‘Eliminating TFA Boils Down To Awareness.’
Trans Fatty Acids
Eminent cardiovascular and cardiothoracic surgeon Dr Naresh Trehan believes that it is the job of the medical fraternity to raise awareness about the perils of fast food, but warned against overreaction.
Speaking at an exclusive Outlook Poshan webinar on the perils of trans fatty acids, Dr Trehan, who is also the Chairman and Managing Director of Medanta – The Medicity, said that there is increasing recognition that the makers of junk food will take shortcuts.
“There are elements in these foods which if you take the first bite it will create a craving in you, by way of taste, by way of introducing the recipe which stimulates the right center of your brain which will keep making that craving worse. It attacks your senses and neurological recognition.” Now “if they (the makers of junk foods, which contain dangerous levels of trans fats, which has been conclusively line with heart disease) were just doing this without hurting someone, they are just doing their job. But if they are actually hurting someone, we need to make the public aware of it.”
“So it is our job to make the public aware not just of human friendly fats, but in what quantity they are human friendly. That's the level of awareness we need to reach among the general population. so that they make the right choices,” he said, adding that thus it was the job of not just the medical professional but also the media to build this awareness.
Explaining how TFA damages the heart, he said that there was “a fraction of difference densities of lipids in the blood. The highest density, which we call HDL in short, is what we call the healthy cholesterol, the healthy fat. Then you low have density lipoprotein, very low density, an even very very low density. The smaller the molecule, or the density, the more dangerous it is. Because it can seep through the protective layer of the arteries between the cells. and start accumulating in the walls of the arteries. And these start narrowing, and that is where the danger comes from.”
However, he also warned against overreacting. “There's no harm for a child to have a burger or a pizza or a pakora once a month.” But there has to be a balance. Noting that like diabetes, there was clear genetic propensity for heart disease, he said other risk factors included tobacco use, stress, other diseases and of course what people consumed. Those with a parent with heart disease are at double the risk, and hence needed to be careful, he said.
Medicine initially started to treat the sick, then they moved on to early detection and intervention, and “then we moved to prevention.
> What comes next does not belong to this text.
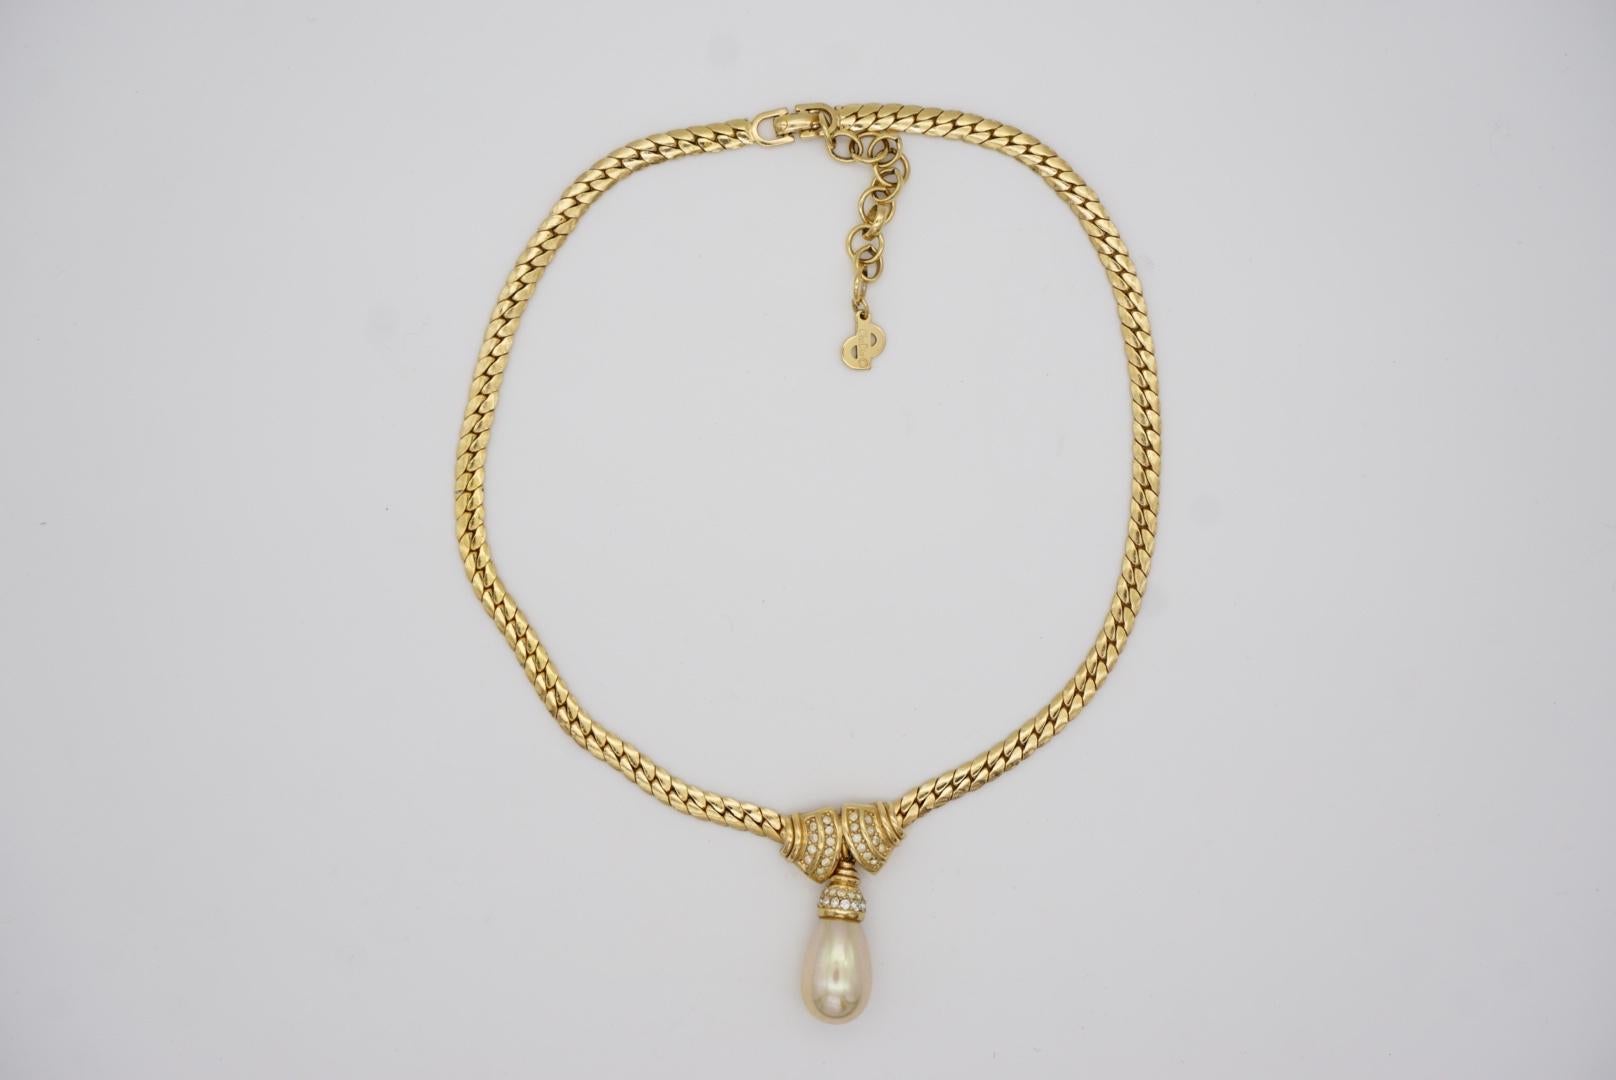 Christian Dior Vintage 1980s Faux Crystals Pearl Teardrop Gold Pendant Necklace In Excellent Condition For Sale In Wokingham, England

There are various levels at which this has to be addressed, and the food chain is one of these levels,’ he said.
I’m not one of those guys who proposes that everyone must become a total ascetic,” he said. “You must enjoy life also. But that means everything you do has to be in moderation, except tobacco and drugs. Anything else, if you use in the right proportion, that includes what you put into your body and what you consume, so that you don’t become obese,” he argued.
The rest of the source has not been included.